I have a Logstash instance running as a service that reads from Redis and outputs to Elasticsearch. I just noticed there was nothing new in Elasticsearch for the last few days, but the Redis lists were increasing.

Logstash log was filled with 2 errors repeated for thousands of lines:

:message=>"Got error to send bulk of actions"
:message=>"Failed to flush outgoing items"

The reason being: 

{"error":"IllegalArgumentException[Malformed action/metadata line [107], expected a simple value for field [_type] but found [START_ARRAY]]","status":500},

Additionally, trying to stop the service failed repeatedly, I had to kill it. Restarting it emptied the Redis lists and imported everything to Elasticsearch. It seems to work ok now.

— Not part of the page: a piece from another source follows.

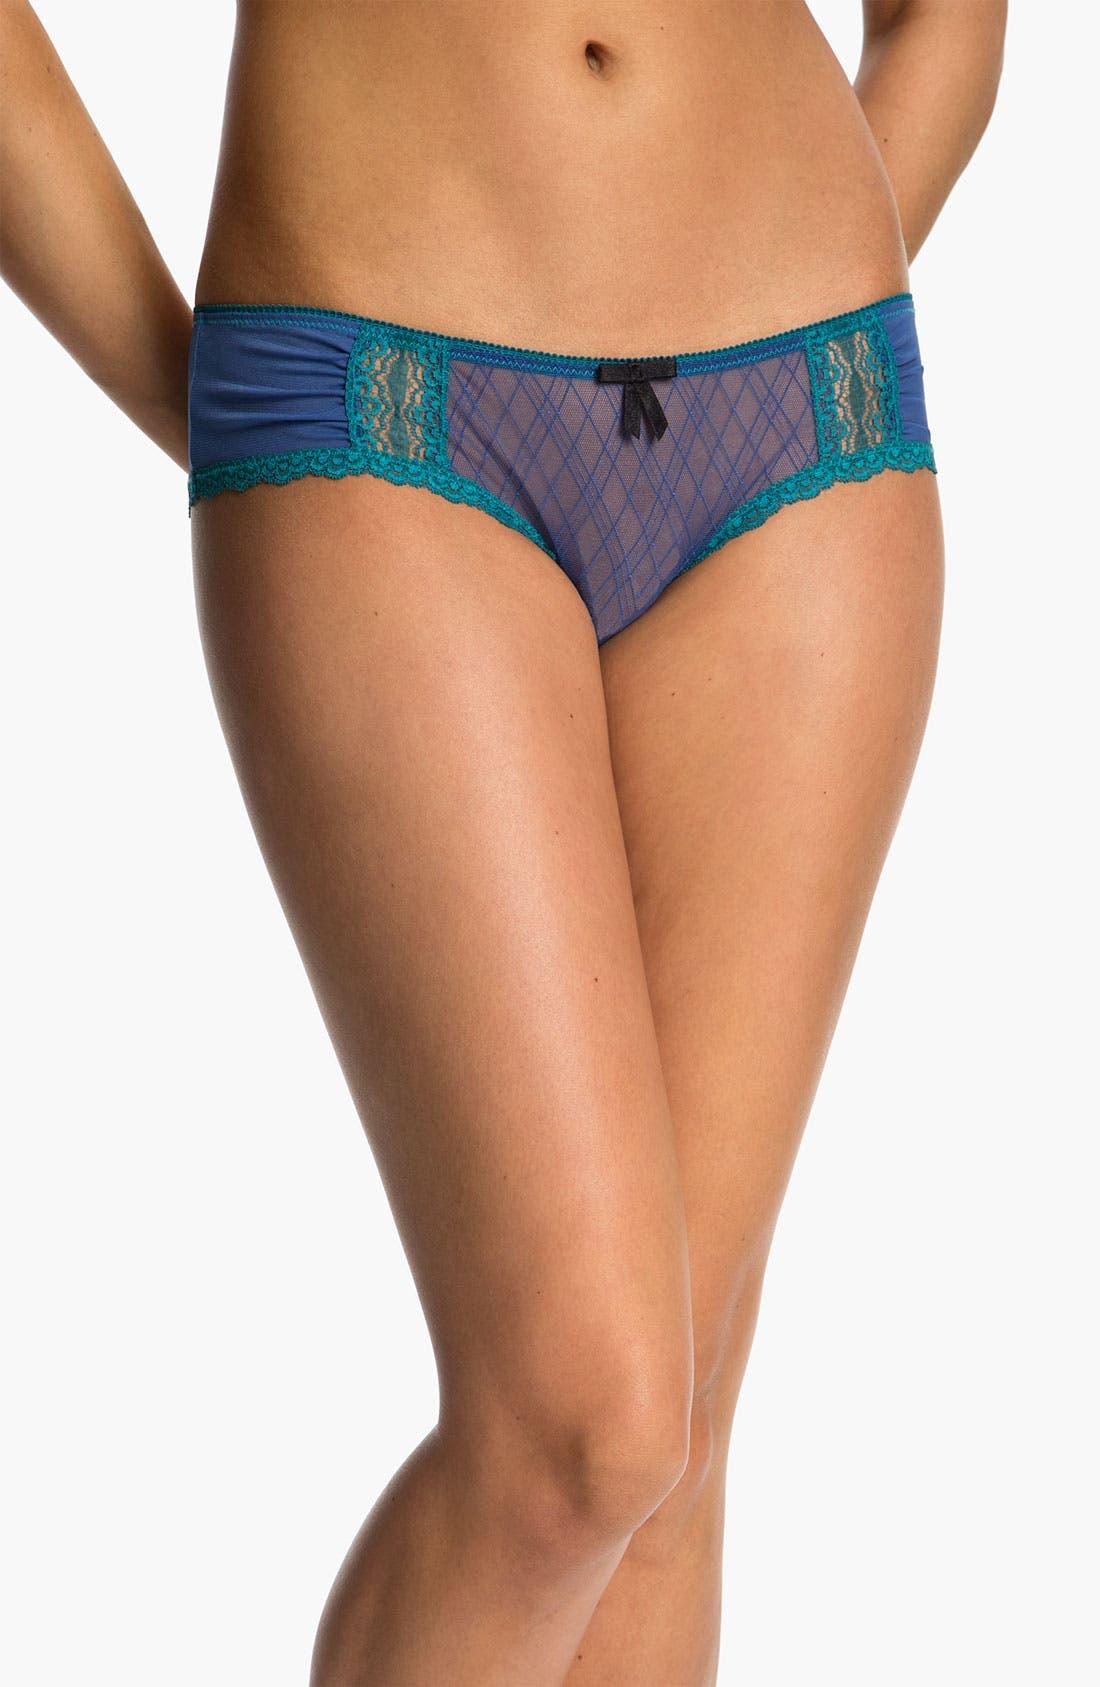 Alternate Image 1 Selected - Honeydew Intimates Mesh & Lace Hipster Panties
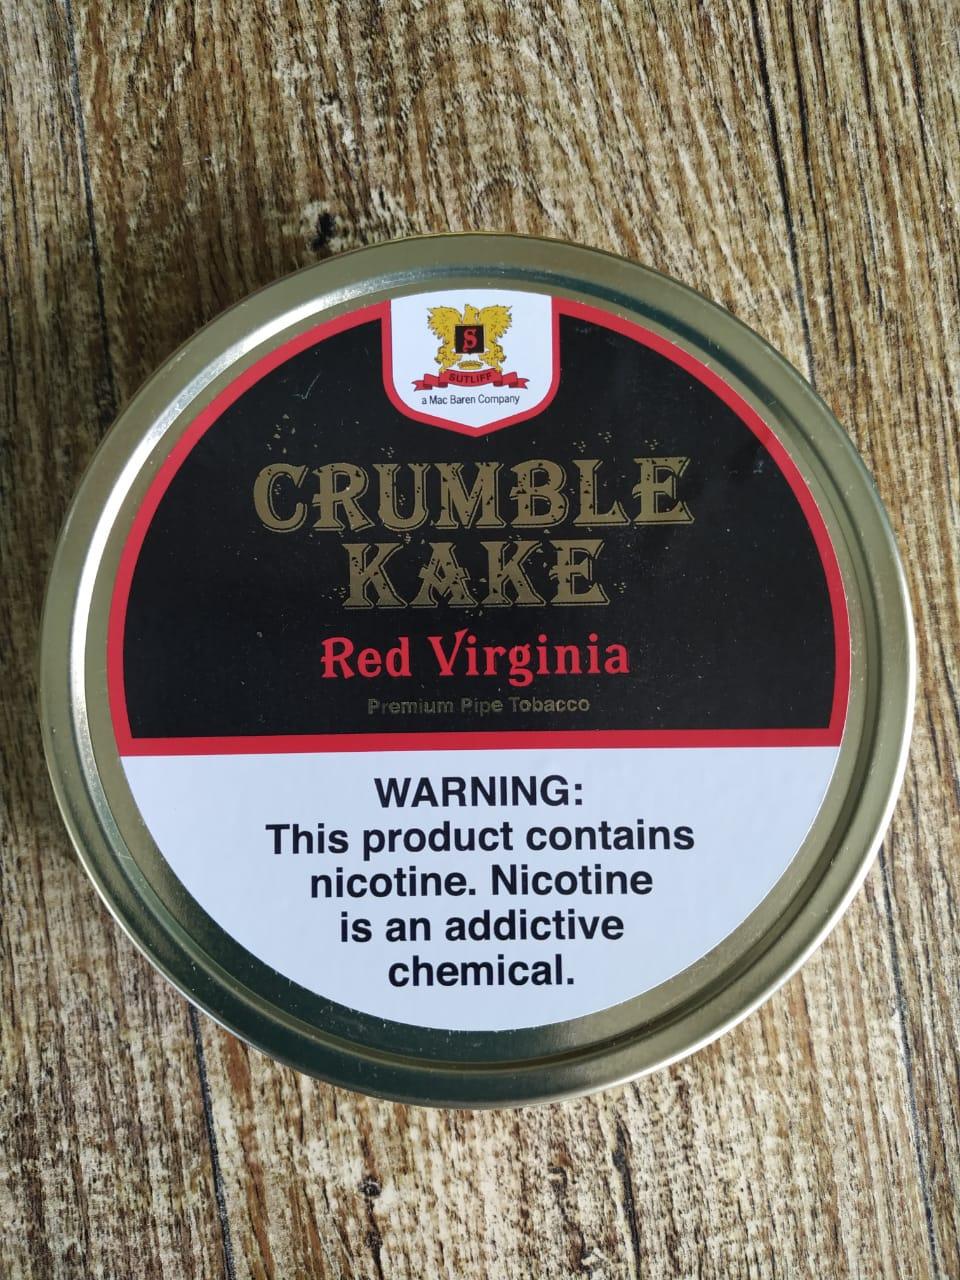 Sutliff Tobacco Company - Crumble Kake Red Virginia

But I have no idea how to prevent that from happening again. The mentioned type field is set as a string for each input directive, so I don't understand how it could have become an array.
What am I missing?

I'm using Elasticsearch 1.7.1 and Logstash 1.5.3. The logstash.conf file looks like this:

input {
  redis {
    host => "127.0.0.1"
    port => 6381
    data_type => "list"
    key => "b2c-web"
    type => "b2c-web"
    codec => "json"
  }
  redis {
    host => "127.0.0.1"
    port => 6381
    data_type => "list"
    key => "b2c-web-staging"
    type => "b2c-web-staging"
    codec => "json"
  }

    /* other redis inputs, only key/type variations */
}
filter {
  grok {
    match => ["msg", "Cache hit %{WORD:query} in %{NUMBER:hit_total:int}ms. Network: %{NUMBER:hit_network:int} ms.     Deserialization %{NUMBER:hit_deserial:int}"]
    add_tag => ["cache_hit"]
    tag_on_failure => []
  }
  /* other groks, not related to type field */
}
output {
  elasticsearch {
    host => "[IP]"
    port => "9200"
    protocol=> "http"
    cluster => "logstash-prod-2"
  }
}
Kobayashi
  • 2,402
  • 3
  • 16
  • 25
Antoine
  • 5,055
  • 11
  • 54
  • 82
  • Could you provide your config or at least an excerpt where you set the type field? It seems to be related to the elasticsearch bulk api: https://github.com/elastic/elasticsearch/issues/11458 – hurb Sep 02 '15 at 15:27
  • Indeed that issue looks similar, but with array issue instead of null. – Antoine Sep 02 '15 at 16:27
  • Can you clear logstash.log file, update your elasticsearch-logstash connection plugin and restart it. I had a similar issue and in my case my elasticsearch went down first in b/w and after restarting i had some plugin issue and connection issues. – Aditya Patel Sep 08 '15 at 05:20
  • Was this ever solved? dealing with the same thing right now. – Nate Oct 07 '15 at 15:31
  • @Nate this sounds like something wrong was sent via the bulk request. What's the error in your case? The same? About `_type`? Are you using Logstash? – Andrei Stefan Oct 07 '15 at 15:44
  • Same error about `_type`, and yes I'm using Logstash. – Nate Oct 07 '15 at 17:17
  • Can you identify the document that was attempted to be indexed and failed with that error? Or the bulk request? – Andrei Stefan Oct 07 '15 at 21:07
  • @Antoine can you run your logstash process with `--debug` so we can see what's in the bulk payload, since the error is about `_type` being wrong (i.e. this is the `_type` field in the bulk command line)? – Val Oct 08 '15 at 03:26
  • @Antoine, you might also want to add `action.bulk: TRACE` into your Elasticsearch `config/logging.yml` file so you can see how it looks like from the ES side. – Val Oct 08 '15 at 03:37
  • @Antoine, did you try what I suggested above so we get more insights into what's going on? – Val Oct 10 '15 at 03:04
  • @Val, I'm sorry but I haven't tried your suggestions. Unfortunately I don't have the time to investigate this right now. And the issue has not re-occurred yet. – Antoine Oct 12 '15 at 06:58
  • @Nate what about you? did you try since you opened the bounty? – Val Oct 12 '15 at 09:29
  • @Val the error occurred when I would shut down our logstash indexer before our logstash shippers, and only occasionally. To mitigate this, I created a script which safely shuts down all shippers before the indexer, and awakens the indexer before all shippers. – Nate Oct 13 '15 at 13:27

1 Answers1

1

According to your log message:

{"error":"IllegalArgumentException[Malformed action/metadata line [107], expected a simple value for field [_type] but found [START_ARRAY]]","status":500},

It seems you're trying to index a document with a type field that's an array instead of a string.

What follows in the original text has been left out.